Hopi, which means the “Peaceful People,” have lived in the Black Mesa region of the Colorado Plateau since their emergence into this, the fourth world. Living in this world is therefore referred to as the “Fourth Way of Life” and is reflected in the fact that when Maa’saw offered groups of people ears of corn, the Hopi were given a short, blue ear. After a period of clan migrations, the People settled on the mesas, where they still reside today and follow the Hopi way—Hopivotskwami—the Hopi Path of Life, to preserve the good things of Hopi life. In Hopi philosophy, all life is a journey, and each group of people has a path that should be followed with humility, cooperation, and respect. According to Emory Sekaquaptewa, Hopivotskwami includes every part of Hopi society and culture and is a comprehensive philosophy that touches the lives of Hopi on a daily basis. It gives Hopi a strong sense of security in an often-troubled world by relating the past to the present and ensuring cooperation with super-naturals, who provide rain, abundant crops, health, and well-being.

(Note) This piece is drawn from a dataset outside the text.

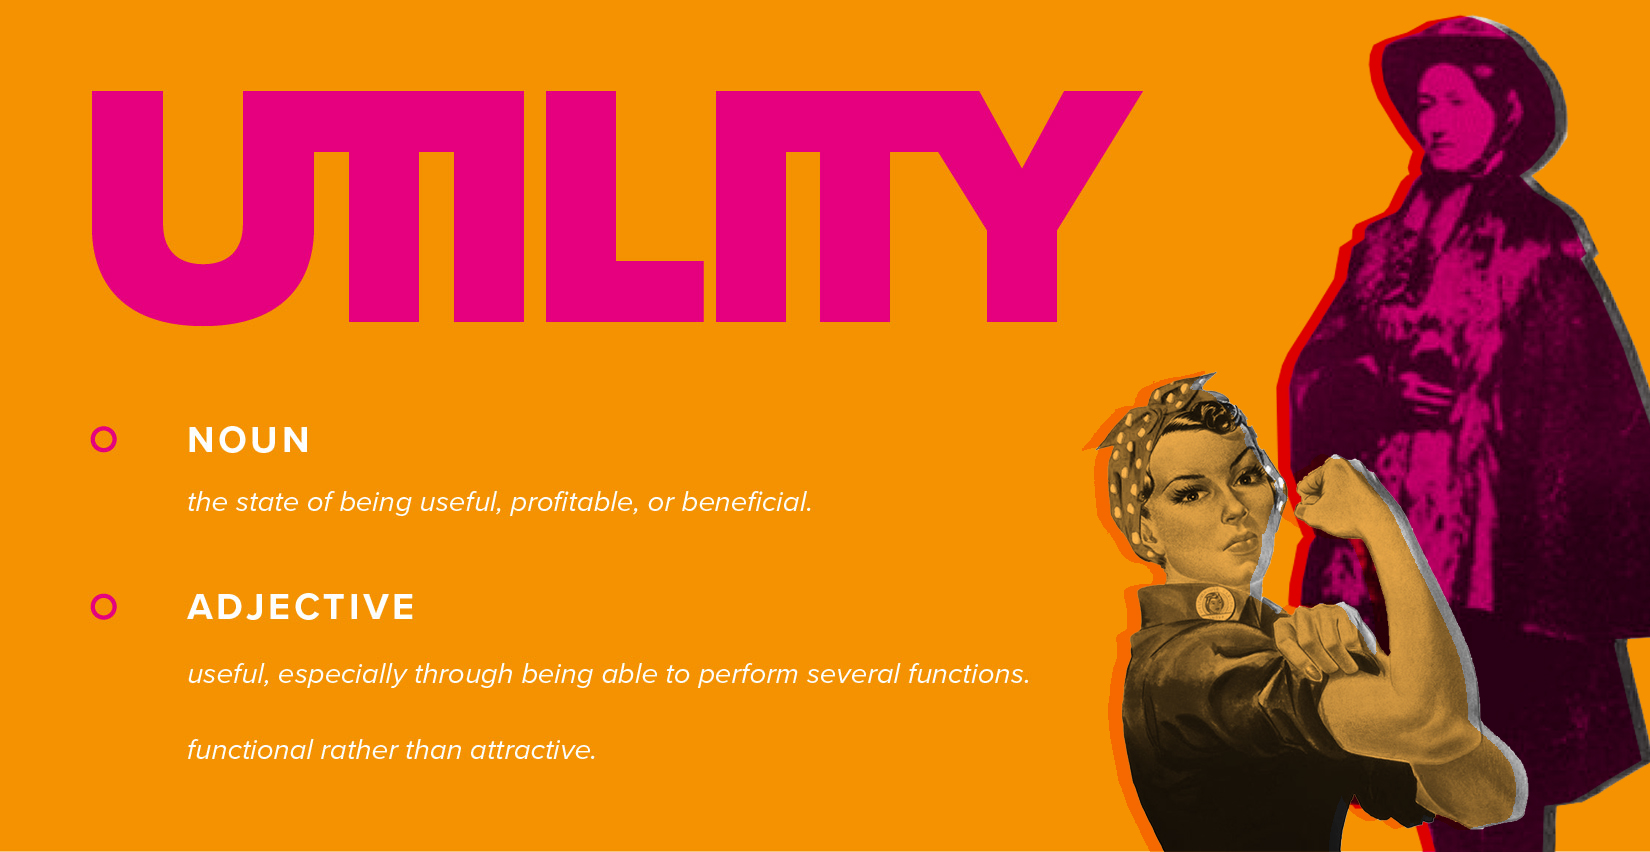 UTILITY2.jpg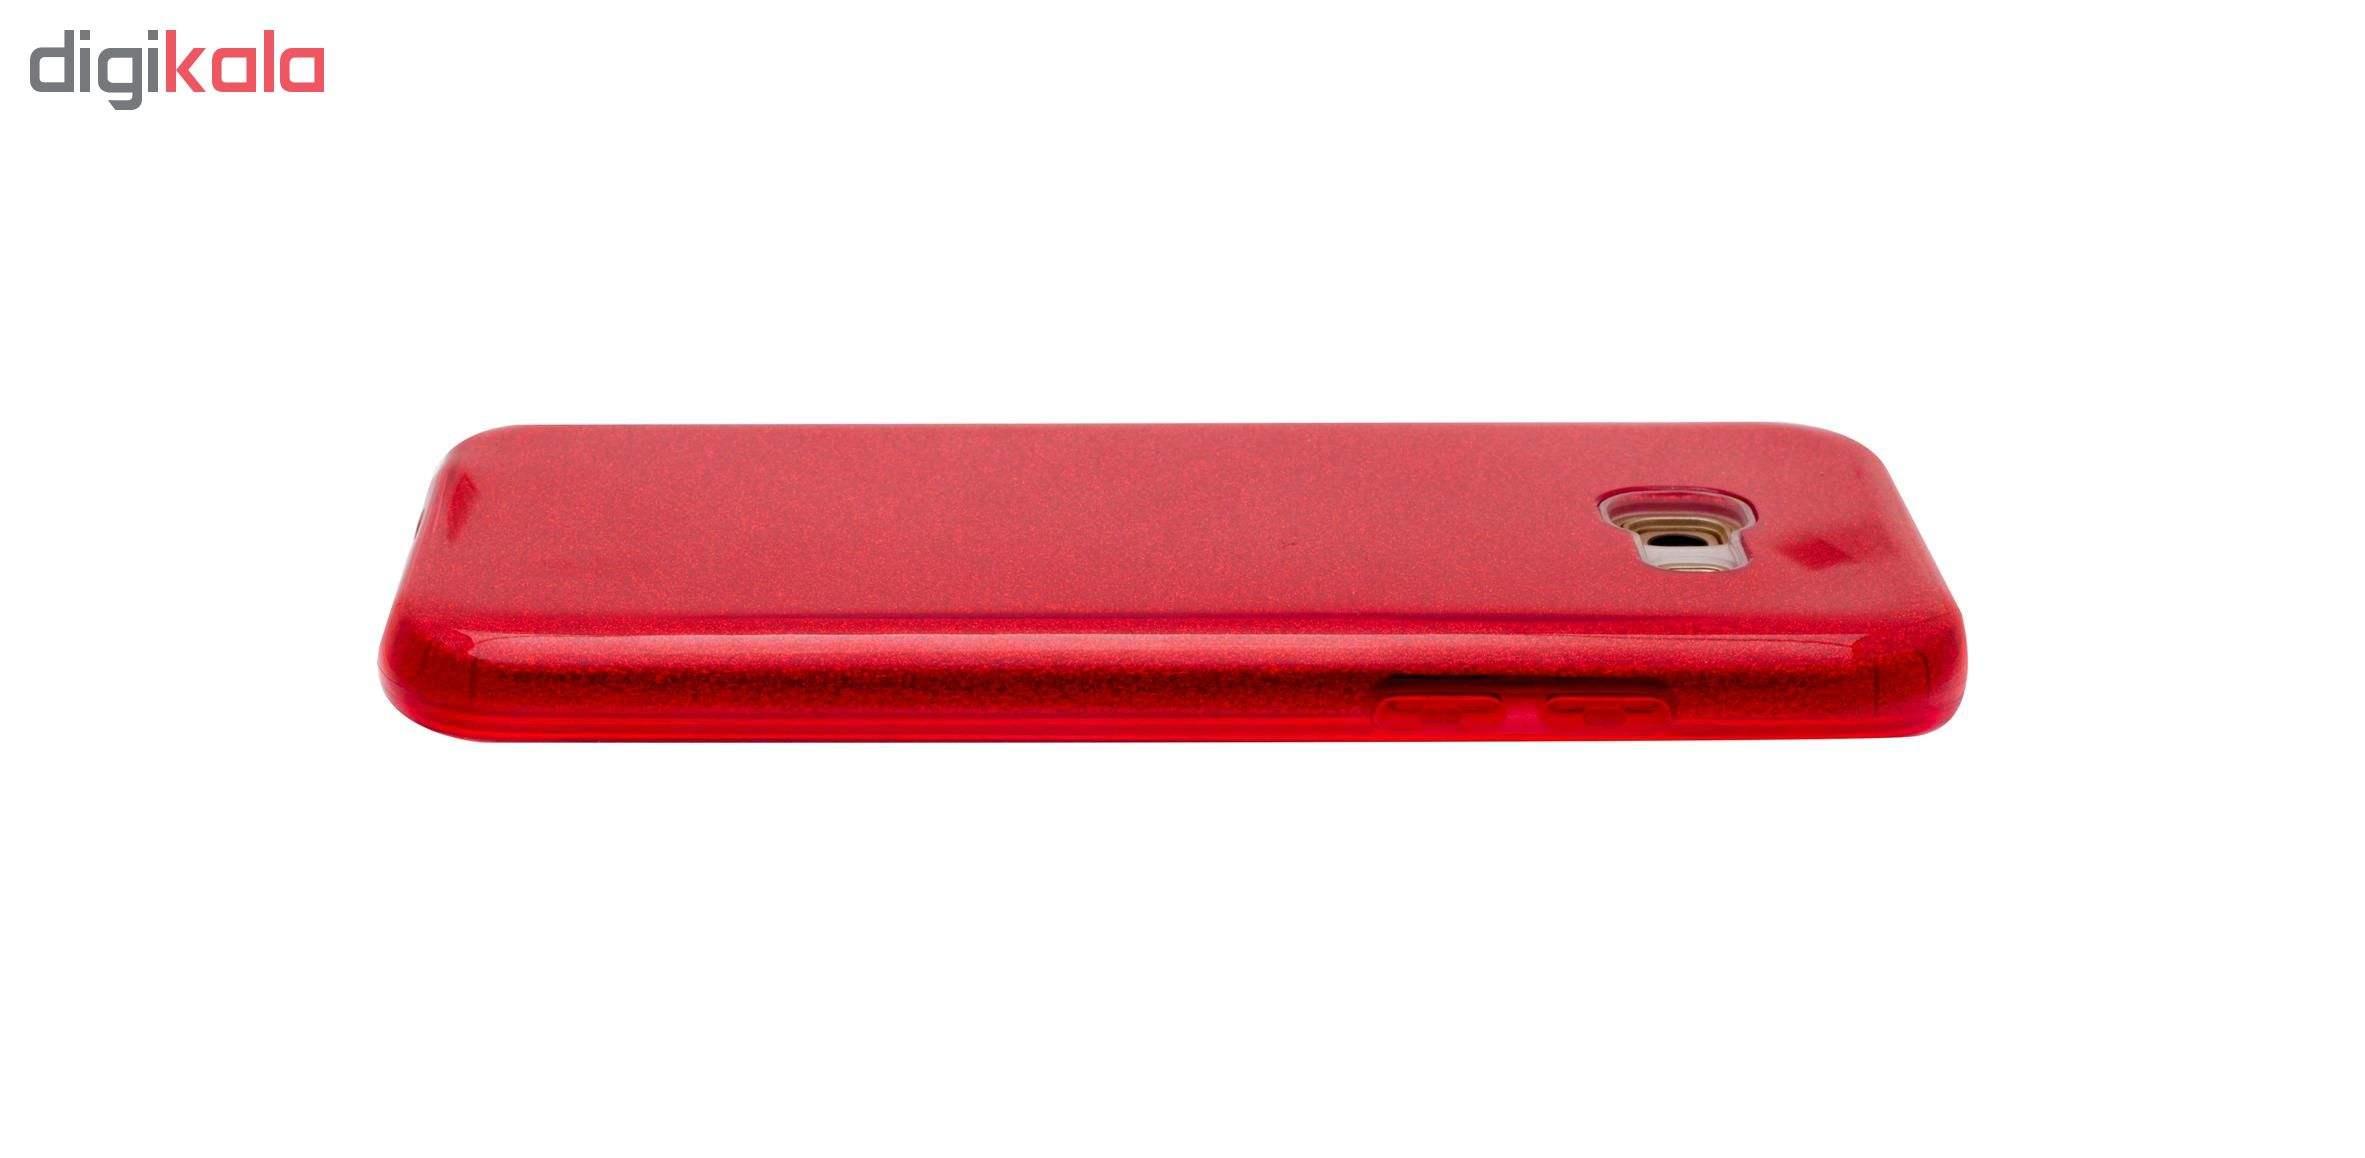 کاور مدل CORONA طرح اکلیلی مناسب برای گوشی سامسونگ گلکسی A5 2017 / A520 main 1 4

The Hopi speak a Uto-Aztecan language related to O’odham (Pima) and Ningwi (Southern Paiute), called Hopiikwa. This language has dialectical difference among the communities. Hopi population has grown throughout the 20th century, from a low of about 2,200 in 1900. In 1995, the Hopi numbered 7,785 tribal members, with a labor force of 2,170. A highly educated group, 63% are high school graduates. Many Hopi work in Southwestern urban areas, returning frequently to Hopi to fulfill social and religious obligations. It is in this way and through oral tradition that the Hopis transmit the essential parts of their history and the perspectives needed to follow Hopivotskwani.
A basic tenet of Hopi philosophy is that humans live in harmony with nature. In their view, religion permeates all aspects of an inextricably interwoven life. Nature, gods, spirits, animals, plants, the land, and the people are one in an unchangeable relationship. This philosophy is community based, and each of the 13 Hopi villages, located in the mesa and canyon country of northern Arizona in Coconino and Navajo counties, is ritually considered to be the center of the world, and each respects the others’ independence. The Hopi belief that mankind evolved during life in four underground worlds, with a final emergence of the Hopi in the Grand Canyon, through a sipapu (place of entry to the present world), Hopi villages in their layout and architecture serve as living reminders of their emergence.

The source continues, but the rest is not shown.